Одним из первых стал посещать меня арестант Петров. Я говорю «посещать» и особенно напираю на это слово. Петров жил в особом отделении и в самой отдаленной от меня казарме. Связей между нами, по-видимому, не могло быть никаких; общего тоже решительно ничего у нас не было и не могло быть… Я даже и теперь не могу решить: чего именно ему от меня хотелось, зачем он лез ко мне каждый день?

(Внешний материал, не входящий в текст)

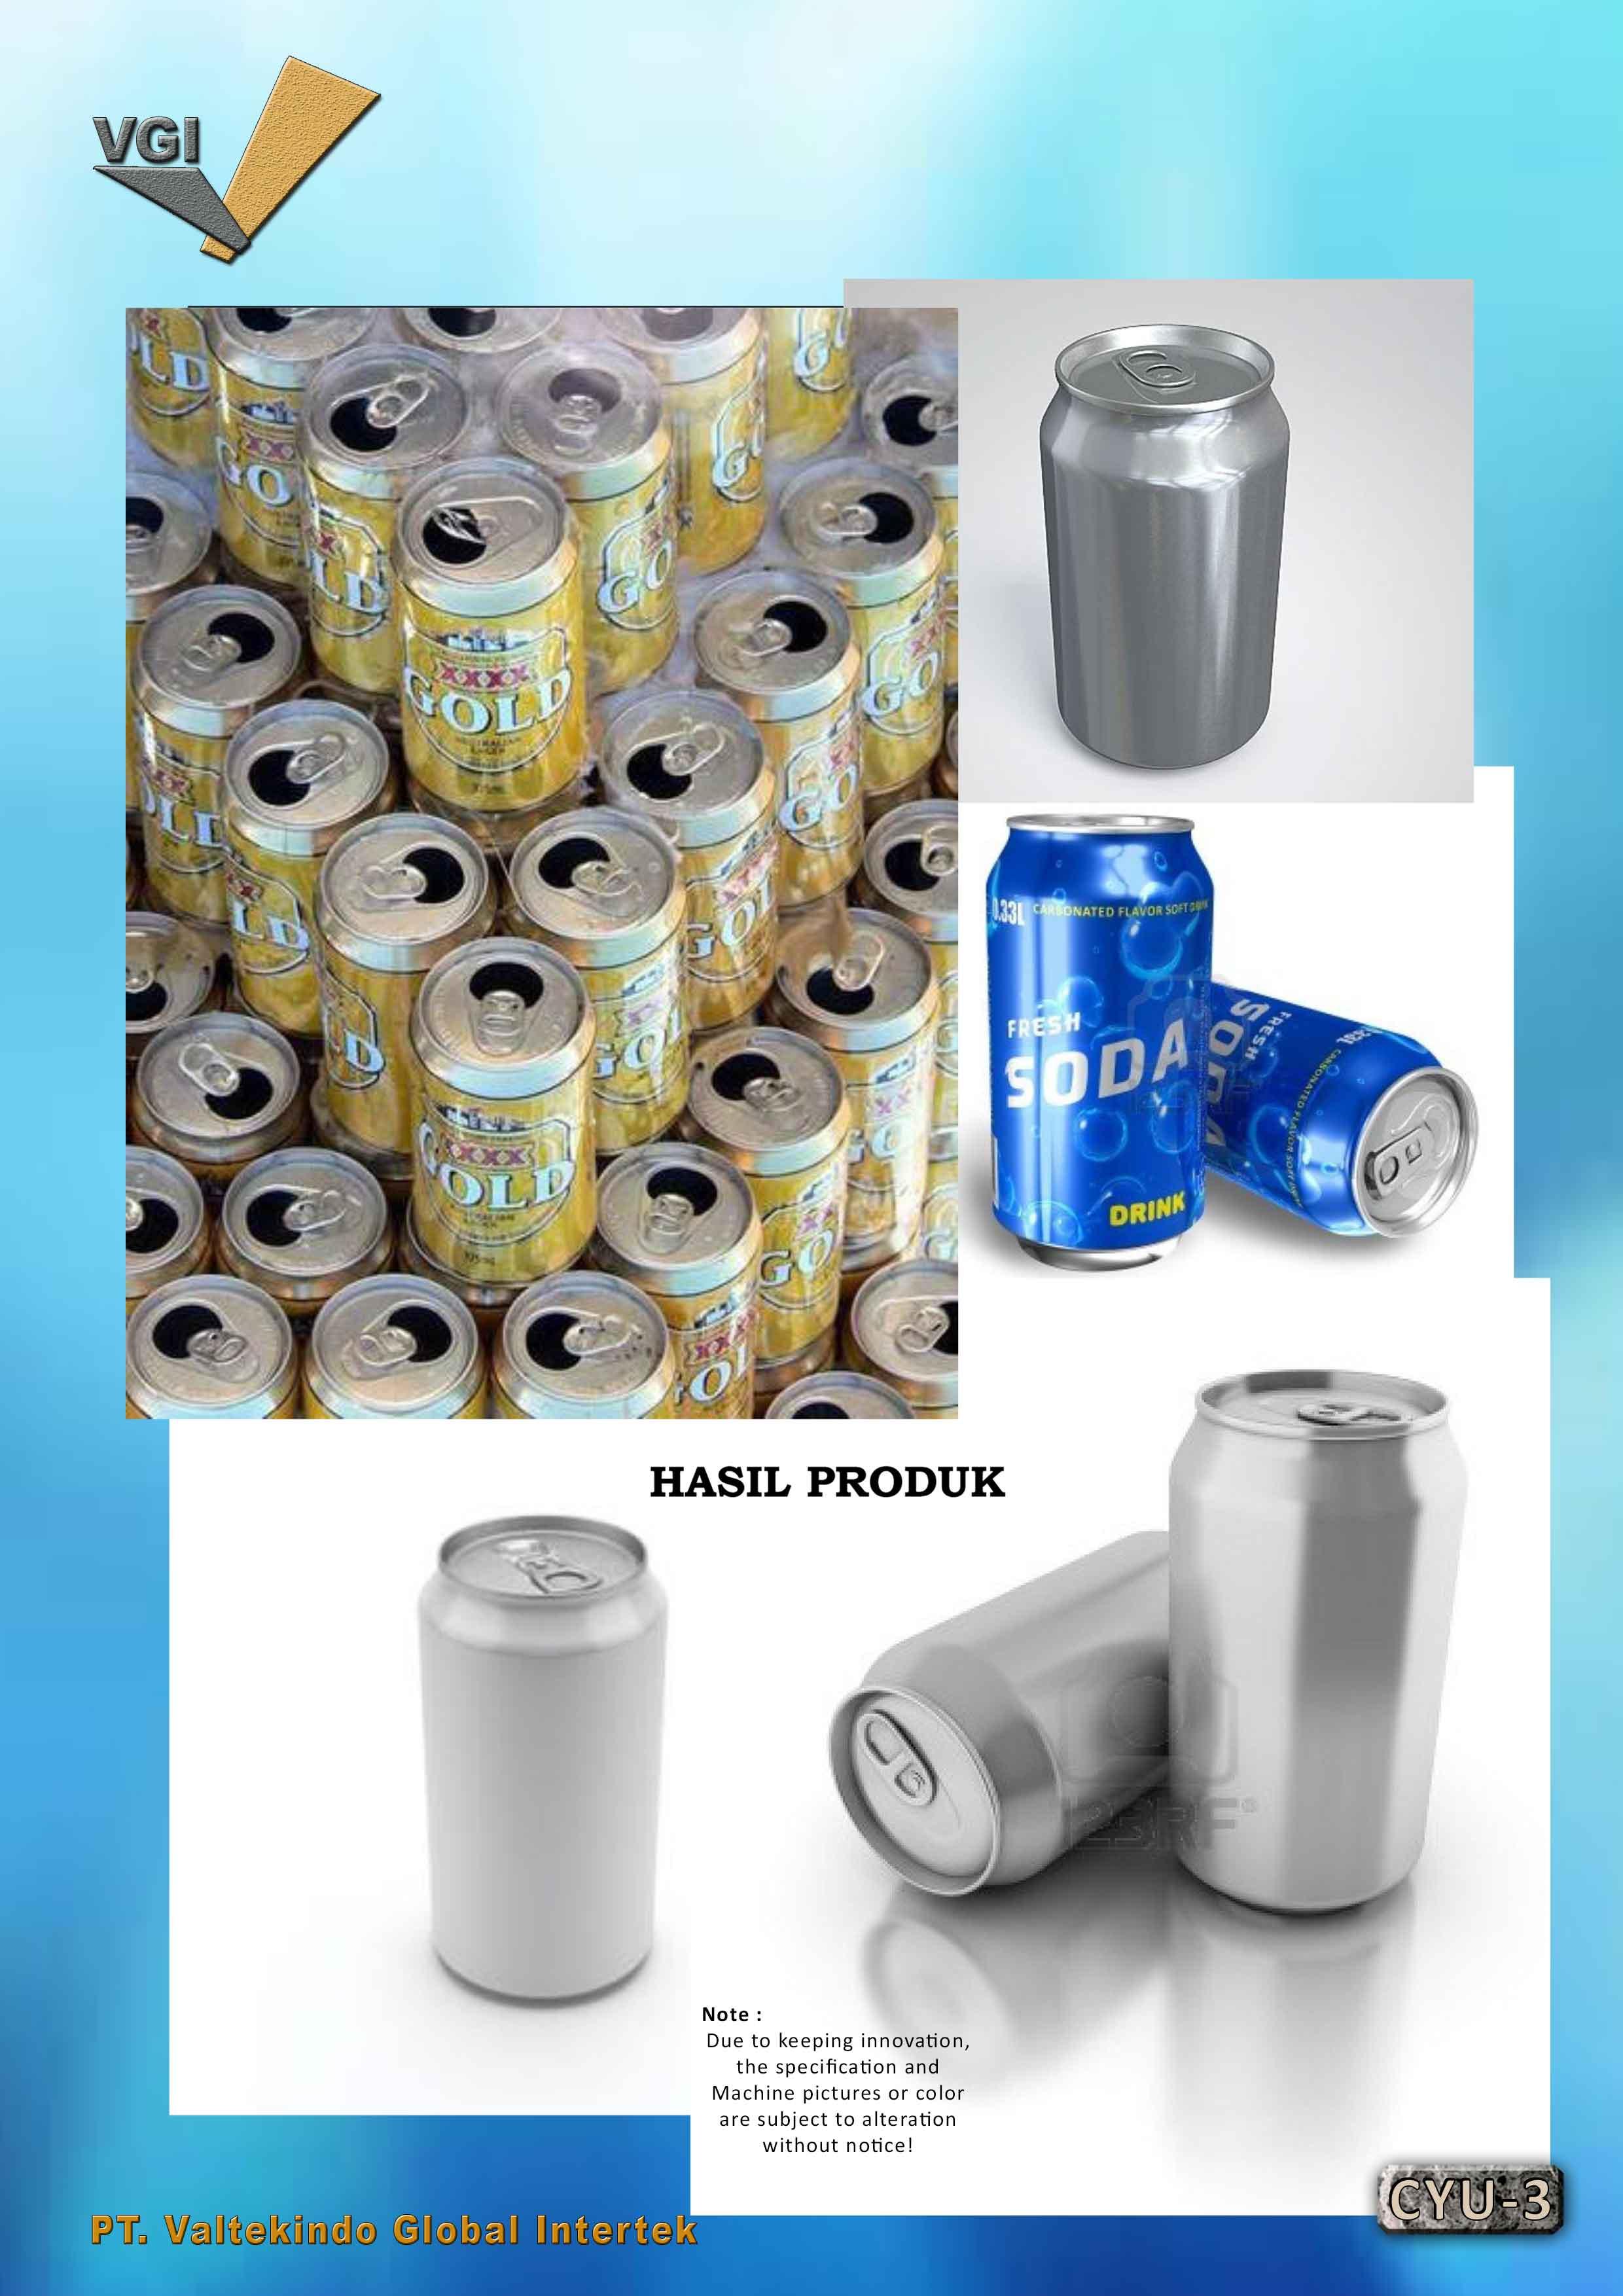 jual mesin, harga mesin, jual mesin bandung, distributor mesin, jual mesin karet, daur ulang karet, daur ulang plastik, mesin pertanian Hasil Produk Hasil Produk

Мысль о непонятности Петрова проходит в продолжении всего разговора о нем: «Не знаю тоже почему, но мне всегда казалось, что он как будто вовсе не жил вместе со мной в остроге, а где-то далеко в другом доме, в городе, и только посещал острог мимоходом, чтобы узнать новости, проведать меня, посмотреть, как мы все живем». Достоевский «строит» образ Петрова таким образом, чтобы читатель ощутил его таинственность, какую-то абнормальность. Горянчиков справляется о Петрове у одного из приятелей политических, и тот тоже говорит о нем в превосходящих словах: «Это самый решительный, самый бесстрашный из всех каторжных… Он на все способен; он ни перед чем не остановится, если ему придет каприз. Он и вас зарежет, если ему это вздумается, так, просто зарежет, не поморщится и не раскается. Я даже думаю, что он не в полном уме». Вот это последнее замечание весьма стыкуется с тем, каким хочет показать нам Достоевский Петрова: банальное, чисто обывательское выражение «не в полном уме» на самом нижнем уровне сознания означает то, что на более высоком уровне описывается словами «исключительность», «особенность» характера. Любопытно, что и тот самый политзаключенный М. тоже не приводит никаких конкретных деталей, которые могли бы в один миг осветить нам Петрова, опять тут только интуитивные и декларативные предположения. Почему? Хоть один какой-нибудь примерчик должен же он был бы привести в доказательство таких максималистских предположений? Но Горянчиков-Достоевский как-то сразу верит М., несмотря на то, что «М. как-то не мог дать мне отчета, почему ему так показалось». И продолжает:

И странное дело: несколько лет сряду я знал потом Петрова, почти каждый день говорил с ним; всё время он был ко мне искренно привязан (хоть и решительно не знаю за что) – и во все эти несколько лет, хотя он и жил в остроге благоразумно и ровно ничего не сделал ужасного, но каждый раз, глядя на него и разговаривая с ним, убеждался, что М. был прав и что Петров, может быть, самый решительный, бесстрашный и не знающий над собой никакого принуждения человек. Почему мне так казалось – тоже не могу дать отчета.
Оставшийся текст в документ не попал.